CRISPR-Cas9-Mediated Genome Editing of Cassava

CRISPR-Cas9 has proved to be a powerful genome-editing tool for introducing genetic changes into crop species. However, it has not yet been used to edit cassava (Manihot esculenta). To test the capacity of CRISPR-Cas9  in cassava, Donald Danforth Plant Science Center researcher John Odipio and his team targeted the phytoene desaturase (MePDS) gene in two cultivars using constructs carrying gRNAs targeting MePDS. Modification of the MePDS gene generates visually-detectable mutated events in a relatively short time frame and does not require sequencing to confirm.

After Agrobacterium-mediated delivery of CRISPR-Cas9 reagents into cassava cells, both constructs induced visible albino phenotypes within cotyledon-stage somatic embryos and plants were regenerated from there.  A total of 38 lines, 19 from each cultivar, were analyzed for mutagenesis. The frequency of plant lines showing albino phenotype ranged from 90 to 100% for both cultivars. Sequence analysis revealed that all the lines examined carried mutations at the targeted MePDS site, with insertions, deletions, and substitutions recorded. The team observed minor nucleotide substitutions and or deletions upstream of the 5′ end or downstream of the 3′ targeted MePDS region.
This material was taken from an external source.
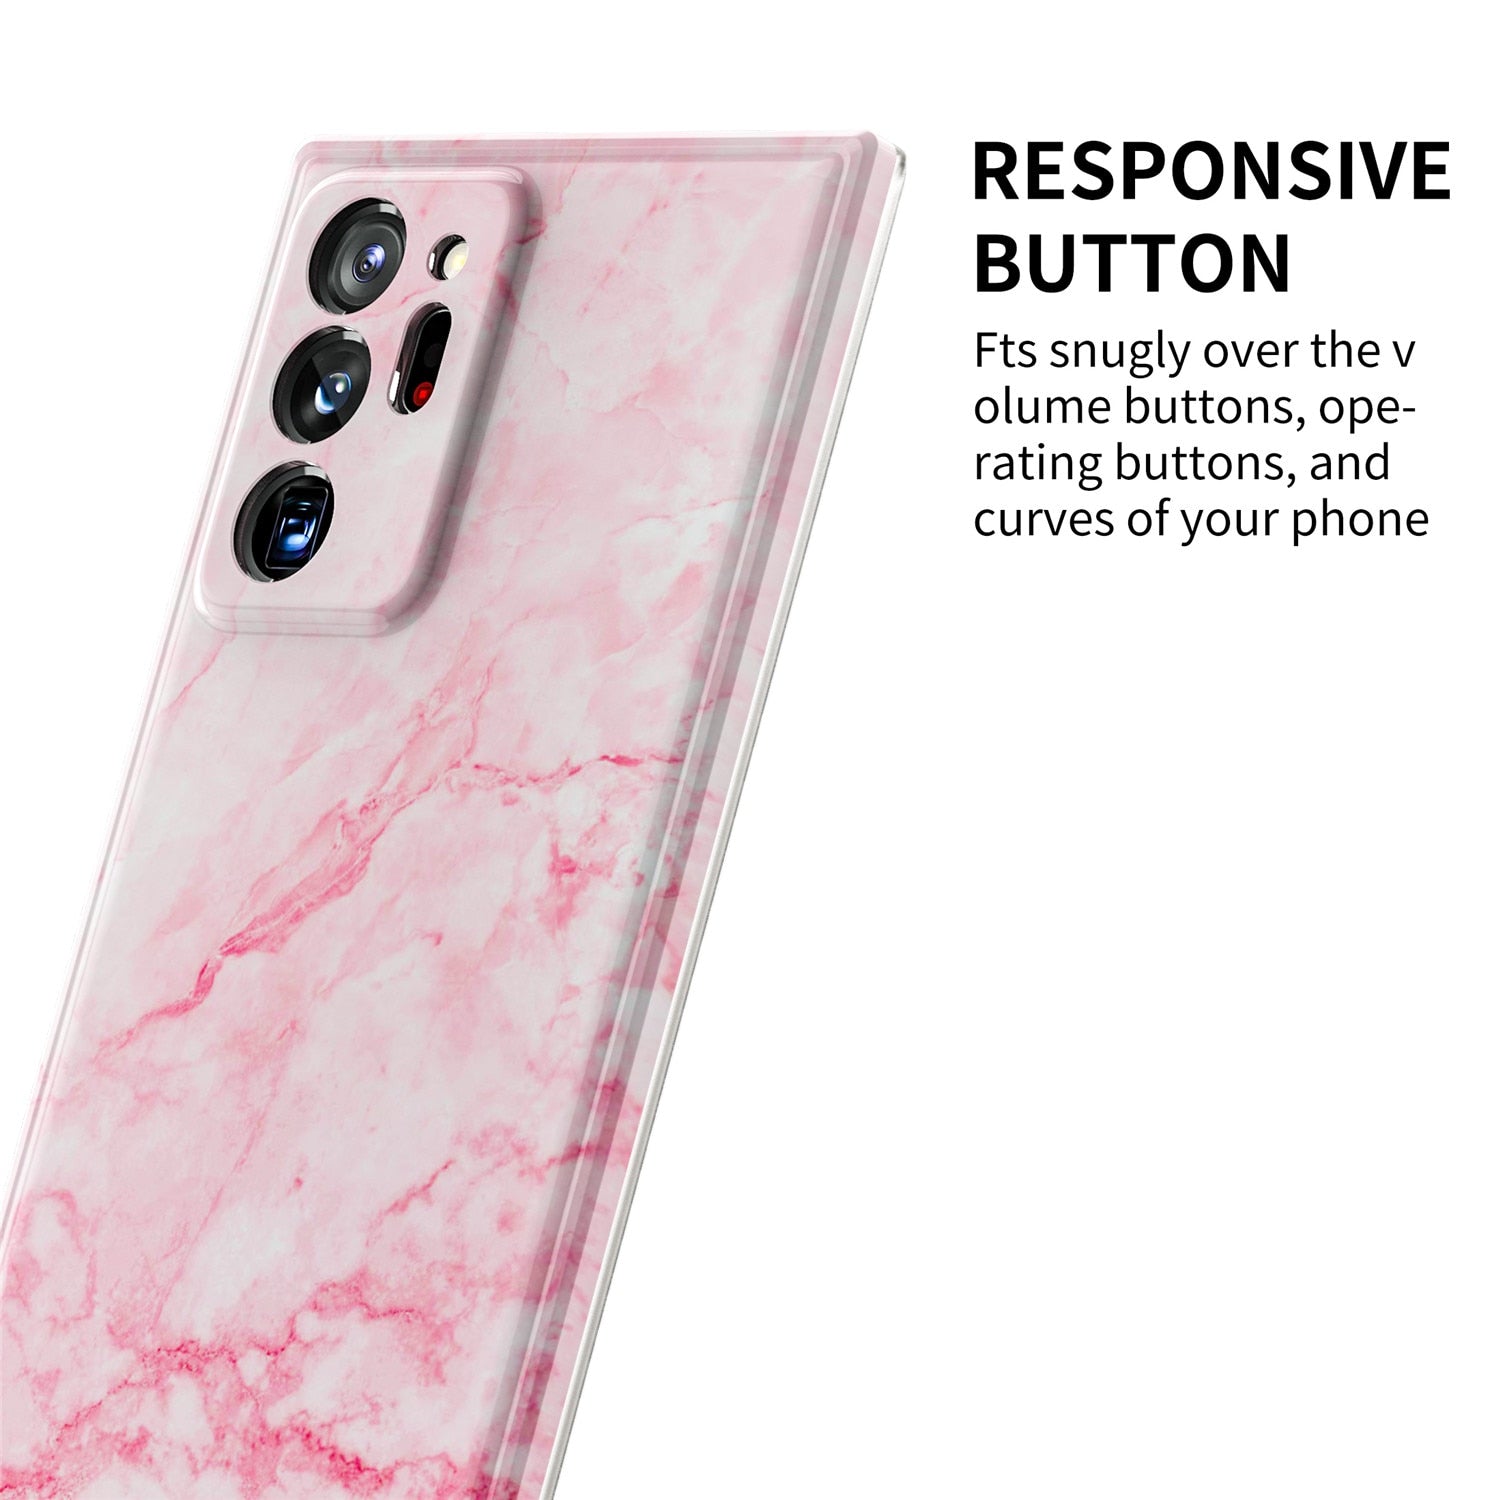 Case for Samsung Note 20 Ultra cover Marble Case, Slim Thin Glossy Soft TPU Rubber Gel Phone Case Cover for Note 20 Ultra case - 380230 Find Epic Store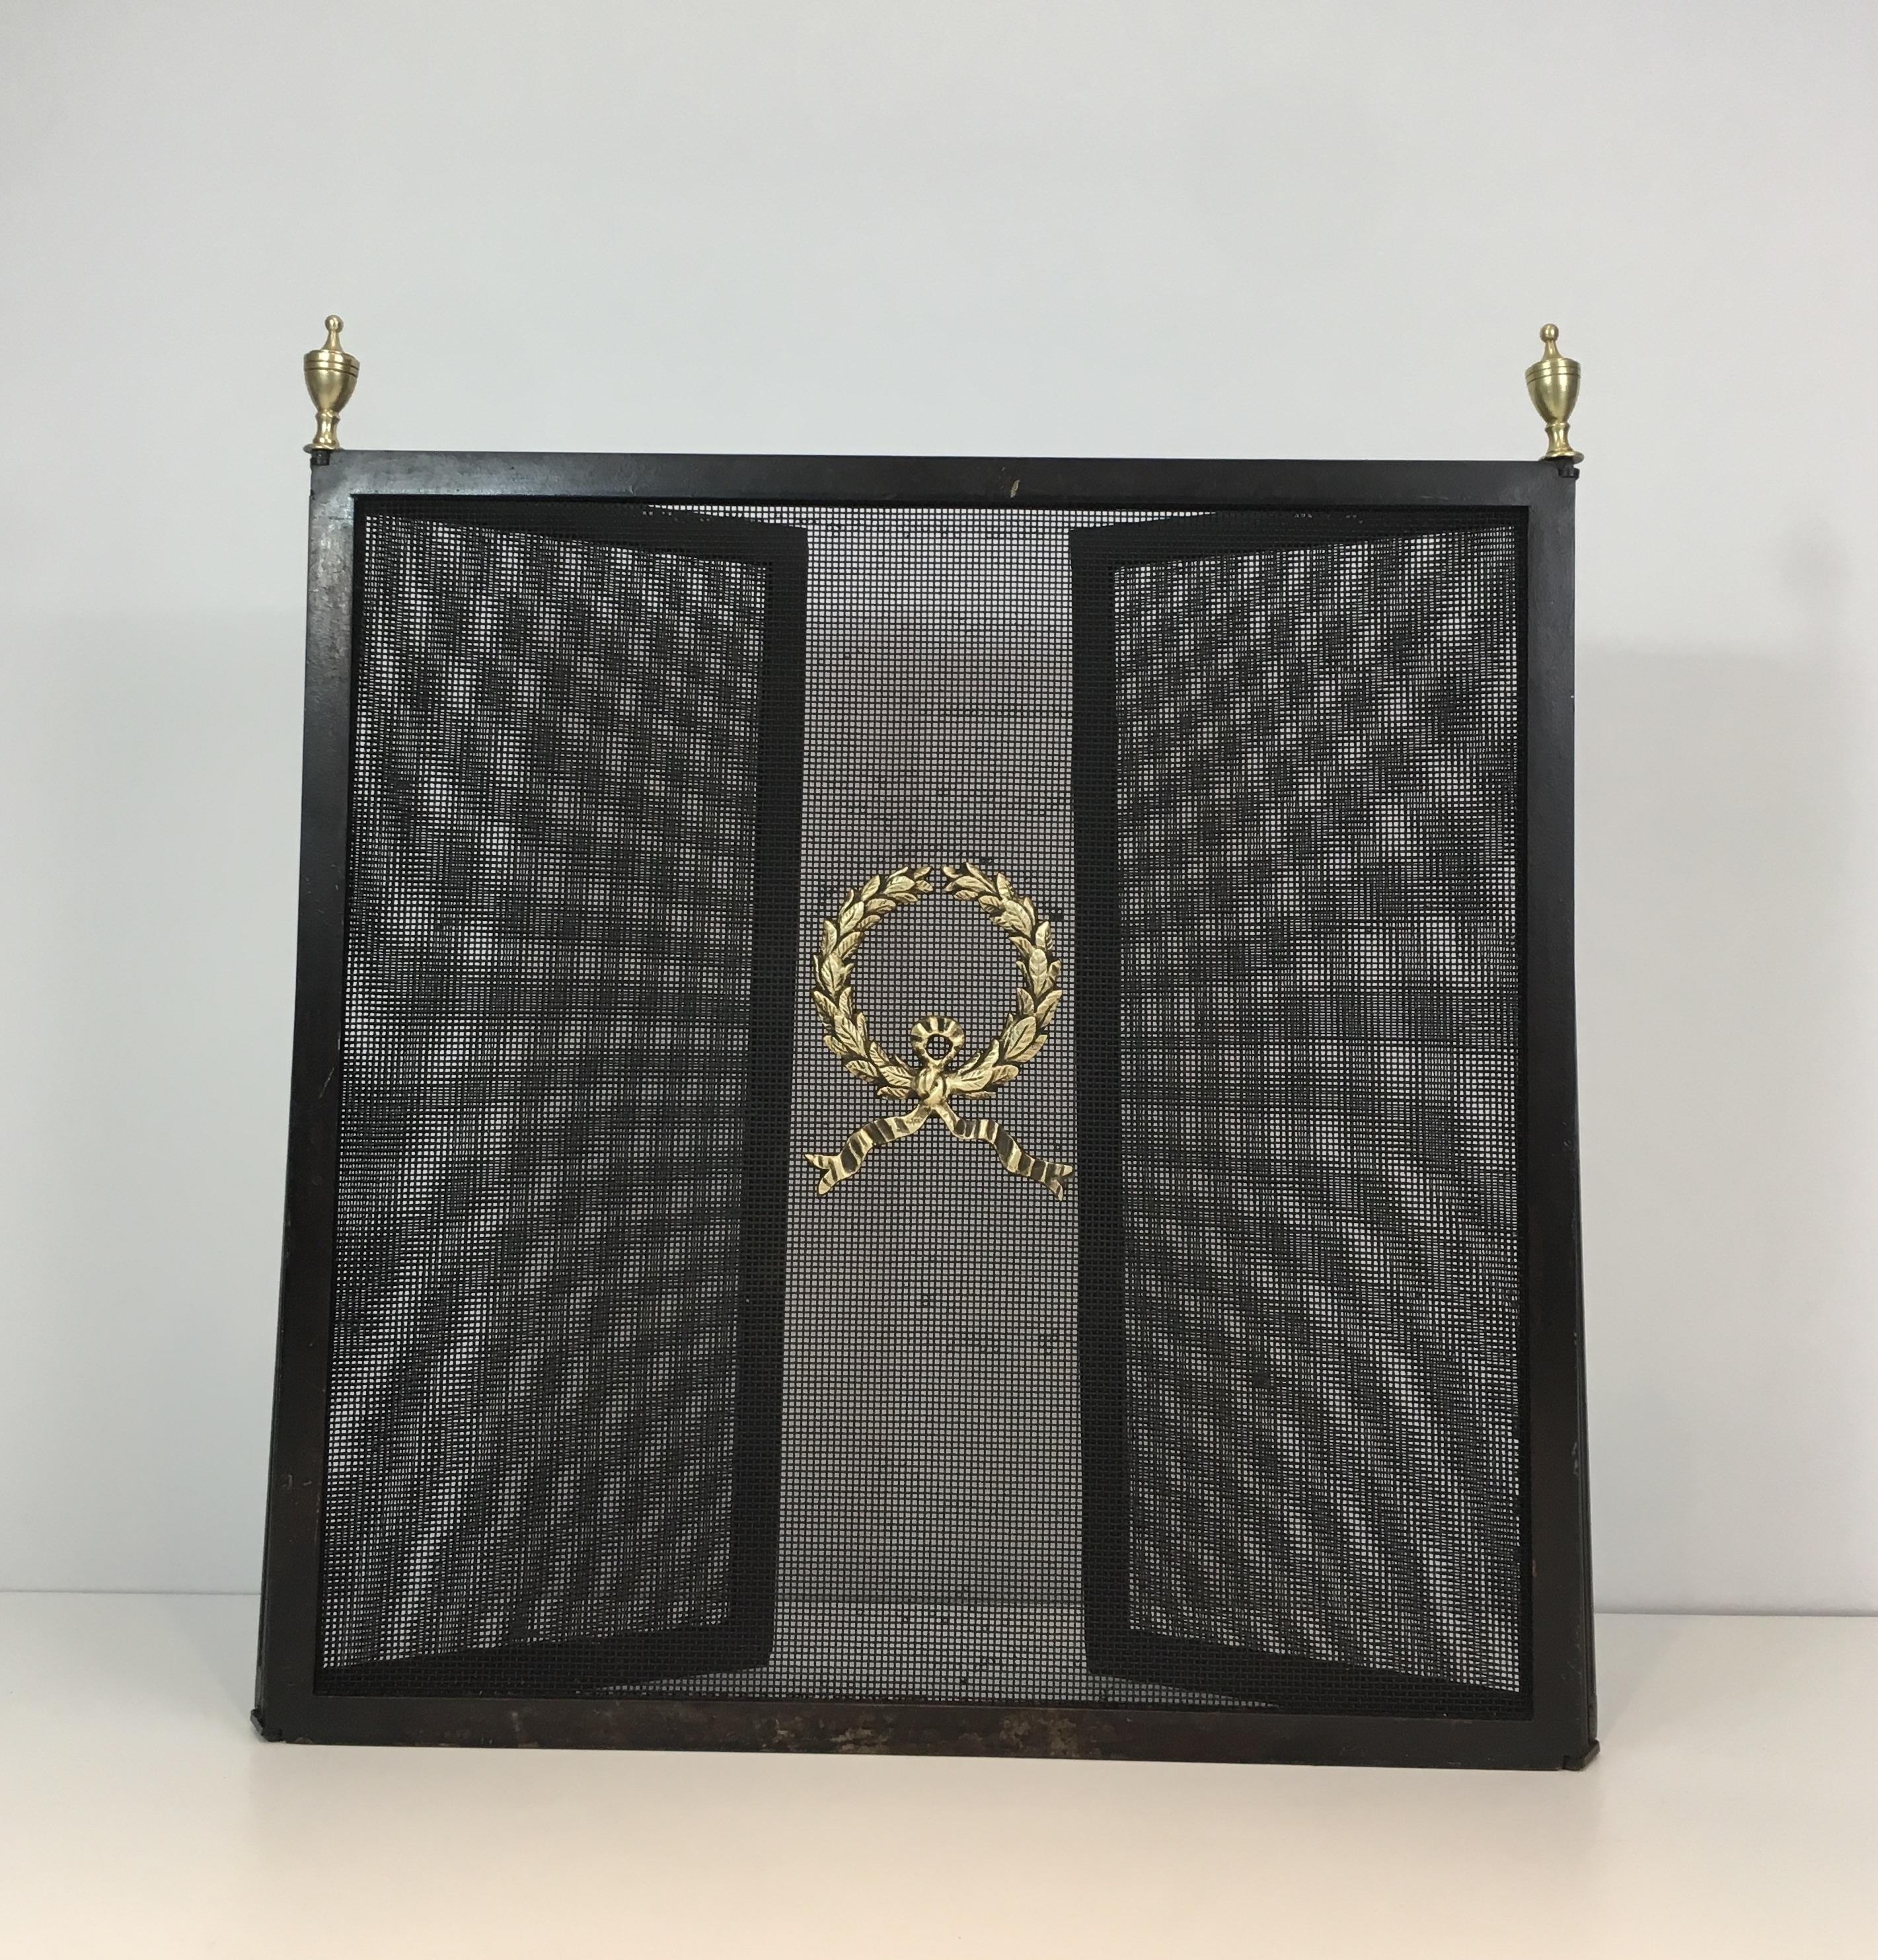  Neoclassical Steel, Bronze, Brass and Grilling Fire Place Screen, French 14

The data reported in this study demonstrates that CRISPR-Cas9-mediated genome editing also applies to cassava, with high efficiency.

For more on this study, read the article in Frontiers in Plant Science.


 

This article is part of the Crop Biotech Update, a weekly summary of world developments in agri-biotech for developing countries, produced by the Global Knowledge Center on Crop Biotechnology, International Service for the Aquisition of Agri-Biotech Applications SEAsiaCenter (ISAAA)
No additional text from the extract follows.